EMBO molecular medicine (2010-01-06)
Oscar Rubio-Cabezas, Vishwajeet Puri, Incoronata Murano, Vladimir Saudek, Robert K Semple, Satya Dash, Caroline S S Hyden, William Bottomley, Corinne Vigouroux, Jocelyne Magré, Philippa Raymond-Barker, Peter R Murgatroyd, Anil Chawla, Jeremy N Skepper, V Krishna Chatterjee, Sara Suliman, Ann-Marie Patch, Anil K Agarwal, Abhimanyu Garg, Inês Barroso, Saverio Cinti, Michael P Czech, Jesús Argente, Stephen O'Rahilly, David B Savage
RESUMEN

Lipodystrophic syndromes are characterized by adipose tissue deficiency.
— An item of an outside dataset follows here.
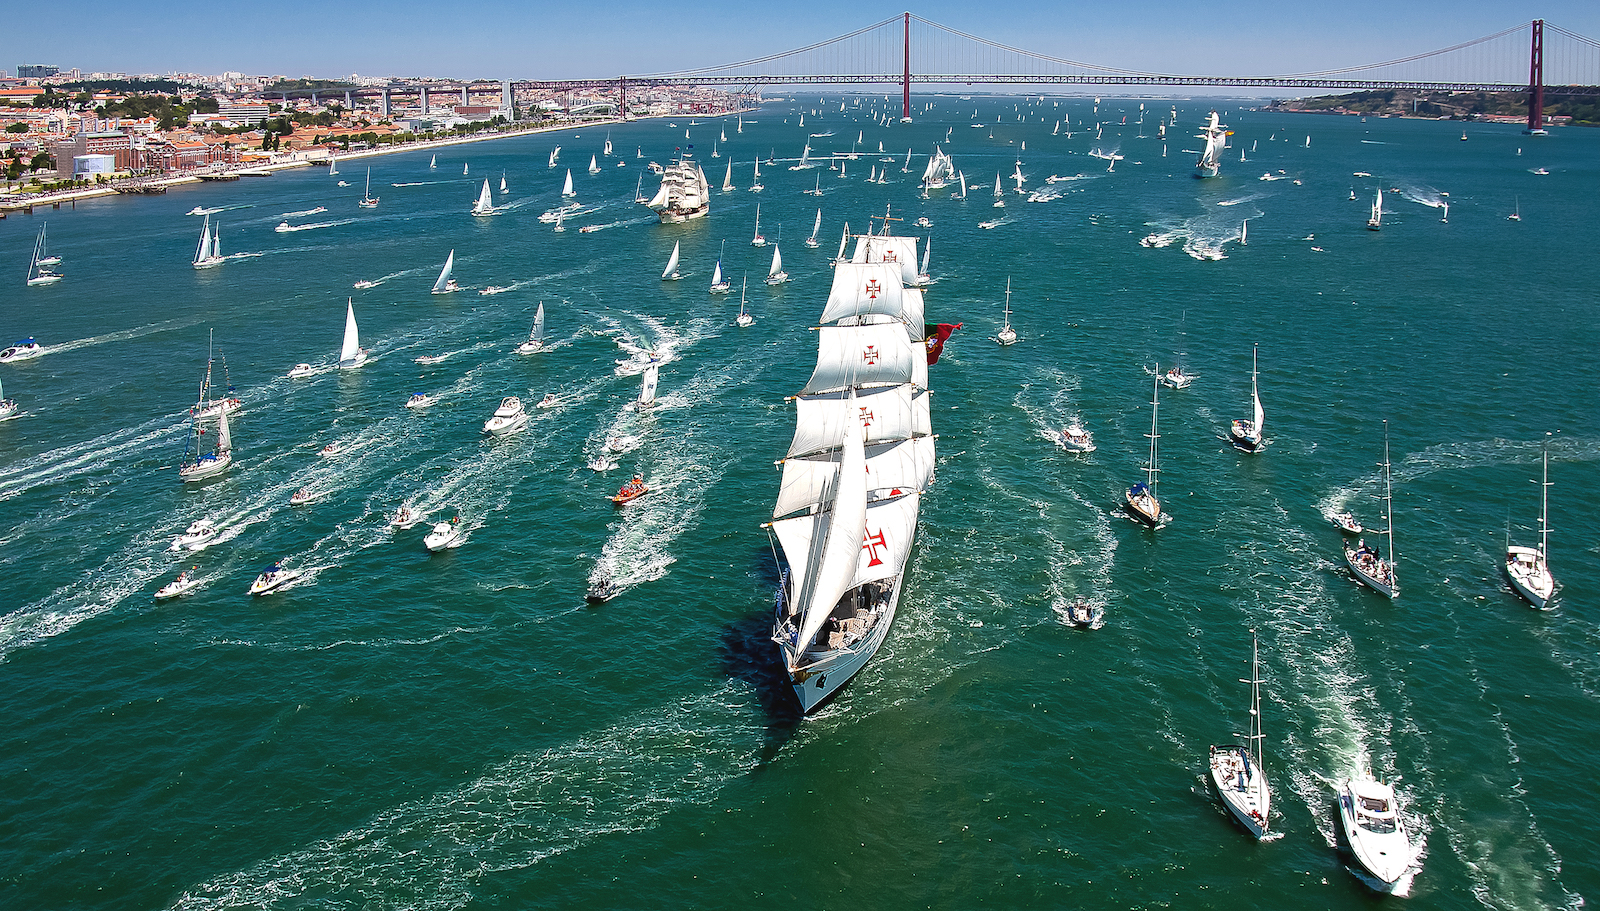 The Tall Ships Races in Portugal

Although rare, they are of considerable interest as they, like obesity, typically lead to ectopic lipid accumulation, dyslipidaemia and insulin resistant diabetes. In this paper we describe a female patient with partial lipodystrophy (affecting limb, femorogluteal and subcutaneous abdominal fat), white adipocytes with multiloculated lipid droplets and insulin-resistant diabetes, who was found to be homozygous for a premature truncation mutation in the lipid droplet protein cell death-inducing Dffa-like effector C (CIDEC) (E186X). The truncation disrupts the highly conserved CIDE-C domain and the mutant protein is mistargeted and fails to increase the lipid droplet size in transfected cells. In mice, Cidec deficiency also reduces fat mass and induces the formation of white adipocytes with multilocular lipid droplets, but in contrast to our patient, Cidec null mice are protected against diet-induced obesity and insulin resistance. In addition to describing a novel autosomal recessive form of familial partial lipodystrophy, these observations also suggest that CIDEC is required for unilocular lipid droplet formation and optimal energy storage in human fat.